The reconstitution kinetics are very heterogeneous. However, using symbolic dynamics, one can show that they fall into a limited number of classes.[27] To prove this, several hundred experimental repopulation kinetics from clonal Thy-1lo SCA-1+ lin c-kit+ HSC were translated into symbolic sequences by assigning the symbols "+", "-", "~" whenever two successive measurements of the percent donor-type cells have a positive, negative, or unchanged slope, respectively. By using the Hamming distance, the repopulation patterns were subjected to cluster analysis yielding 16 distinct groups of kinetics. To finish the empirical proof, the Laplace add-one approach was used to determine that the probability of finding kinetics not contained in these 16 groups is very small. By corollary, this result shows that the hematopoietic stem cell compartment is also heterogeneous by dynamical criteria.

DNA damage and aging

DNA strand breaks accumulate in long term HSCs during aging.[28] This accumulation is associated with a broad attenuation of DNA repair and response pathways that depends on HSC quiescence.[28] Non-homologous end joining (NHEJ) is a pathway that repairs double-strand breaks in DNA. NHEJ is referred to as "non-homologous" because the break ends are directly ligated without the need for a homologous template. The NHEJ pathway depends on several proteins including ligase 4, DNA polymerase mu and NHEJ factor 1 (NHEJ1, also known as Cernunnos or XLF).

DNA ligase 4 (Lig4) has a highly specific role in the repair of double-strand breaks by NHEJ. Lig4 deficiency in the mouse causes a progressive loss of HSCs during aging.[29] Deficiency of lig4 in pluripotent stem cells results in accumulation of DNA double-strand breaks and enhanced apoptosis.[30]

In polymerase mu mutant mice, hematopoietic cell development is defective in several peripheral and bone marrow cell populations with about a 40% decrease in bone marrow cell number that includes several hematopoietic lineages.[31] Expansion potential of hematopoietic progenitor cells is also reduced. These characteristics correlate with reduced ability to repair double-strand breaks in hematopoietic tissue.

Deficiency of NHEJ factor 1 in mice leads to premature aging of hematopoietic stem cells as indicated by several lines of evidence including evidence that long-term repopulation is defective and worsens over time.[32] Using a human induced pluripotent stem cell model of NHEJ1 deficiency, it was shown that NHEJ1 has an important role in promoting survival of the primitive hematopoietic progenitors.[33] These NHEJ1 deficient cells possess a weak NHEJ1-mediated repair capacity that is apparently incapable of coping with DNA damages induced by physiological stress, normal metabolism, and ionizing radiation.[33]
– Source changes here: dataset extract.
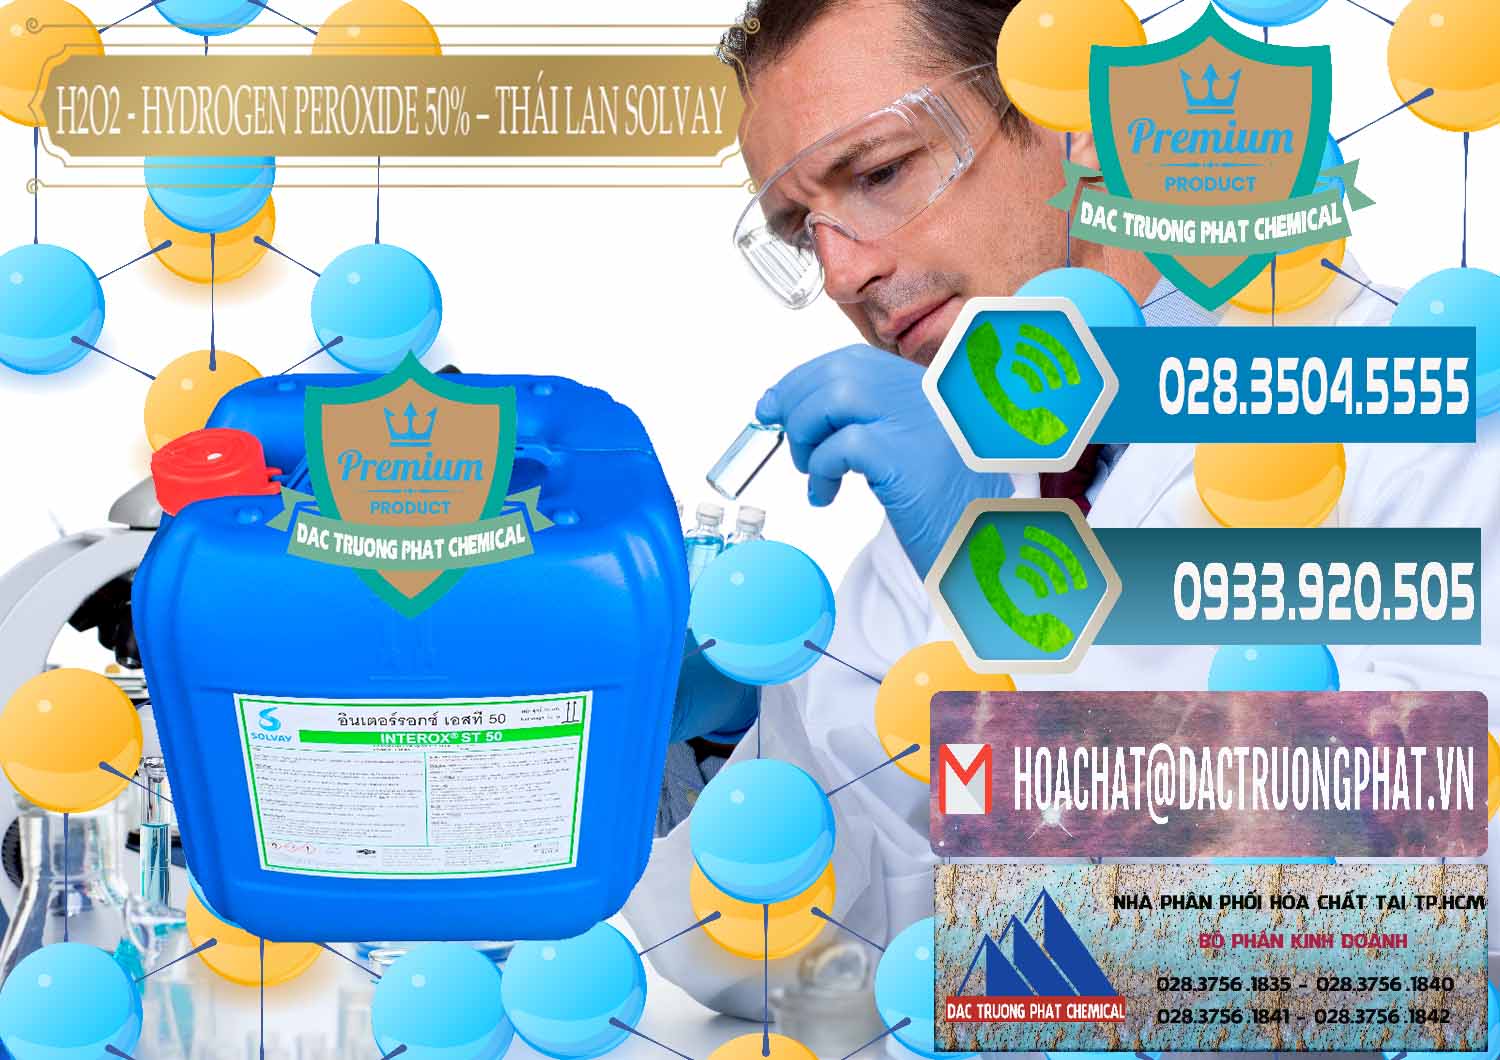 Nhà cung ứng & bán H2O2 - Hydrogen Peroxide 50% Thái Lan Solvay - 0068 - Nơi chuyên phân phối - kinh doanh hóa chất tại TP.HCM - congtyhoachat.net
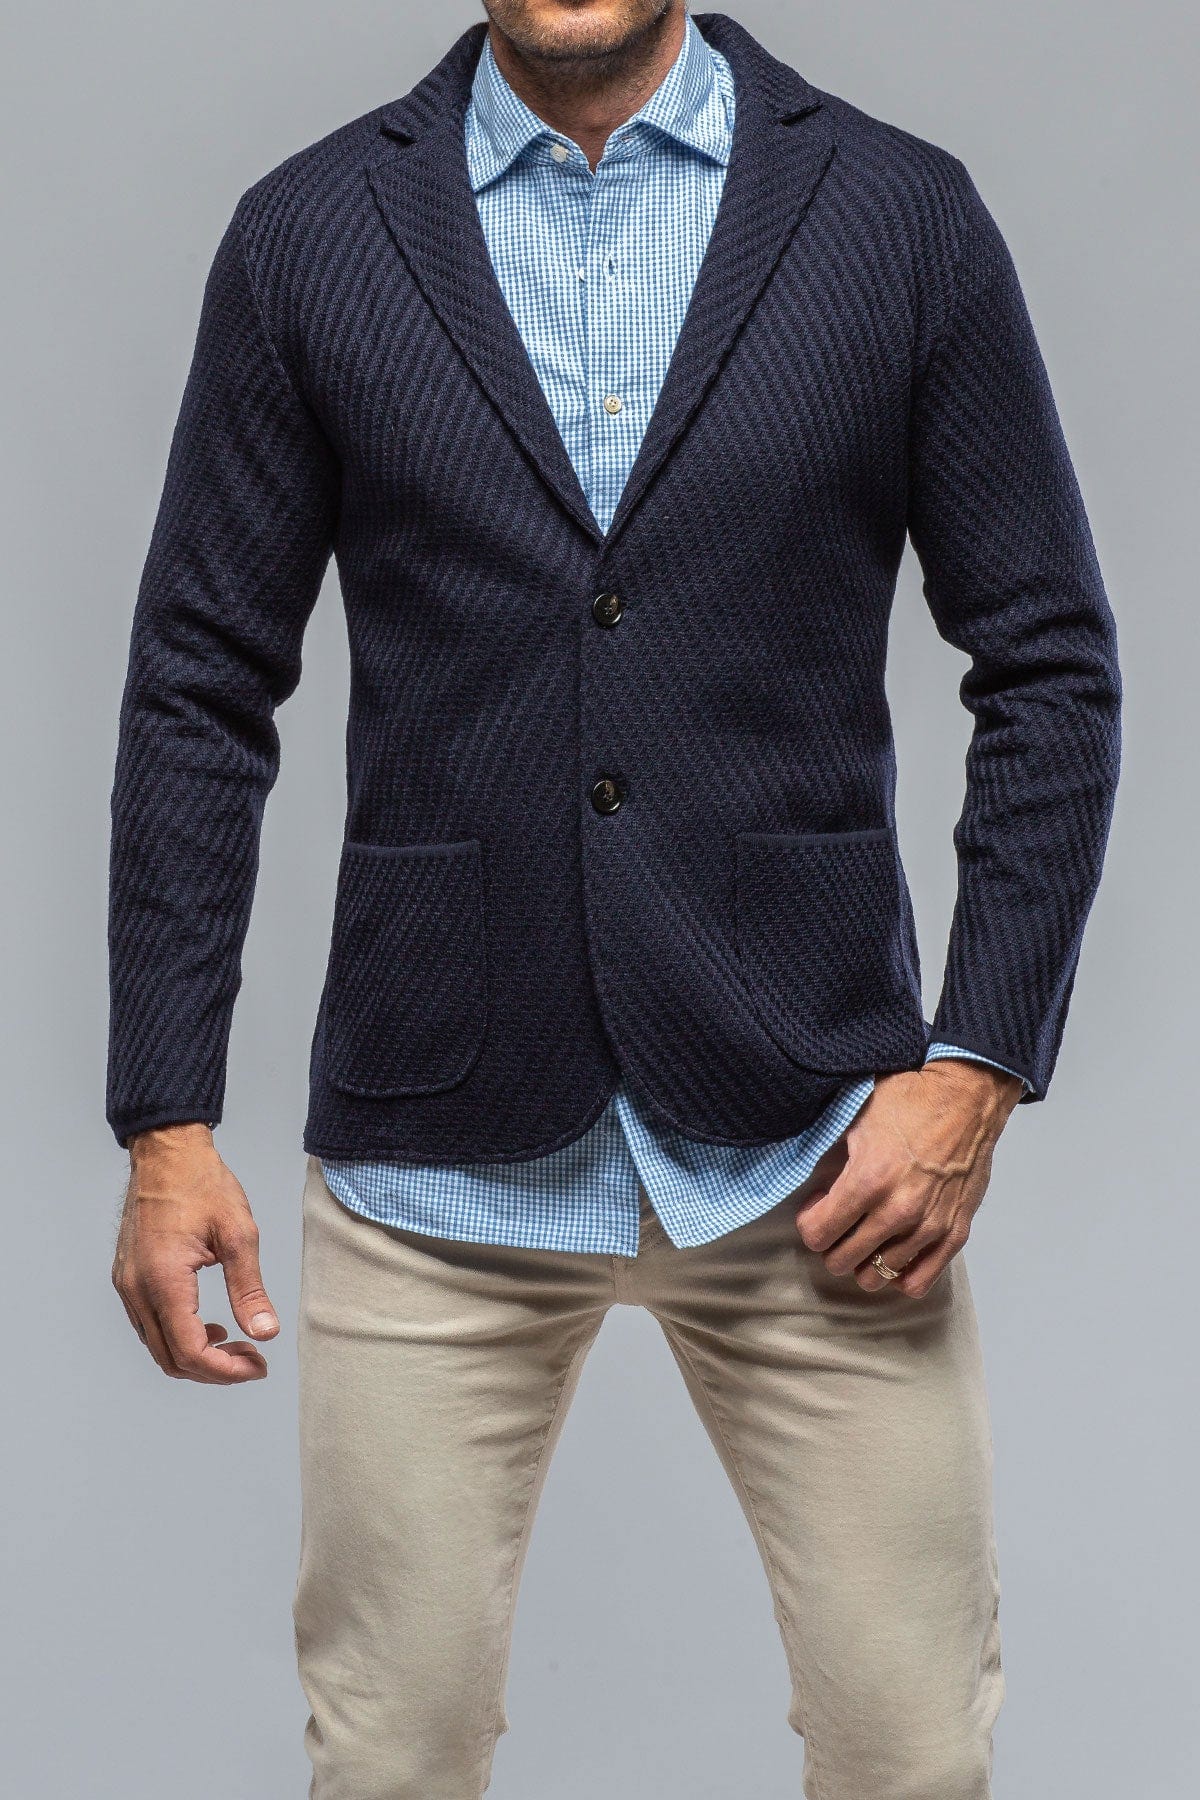 Baldassari Luca Sweater Jacket In Navy – AXEL'S

The sensitivity of haematopoietic stem cells to Lig4, DNA polymerase mu and NHEJ1 deficiency suggests that NHEJ is a key determinant of the ability of stem cells to maintain themselves against physiological stress over time.[29] Rossi et al.[34] found that endogenous DNA damage accumulates with age even in wild type HSCs, and suggested that DNA damage accrual may be an important physiological mechanism of stem cell aging.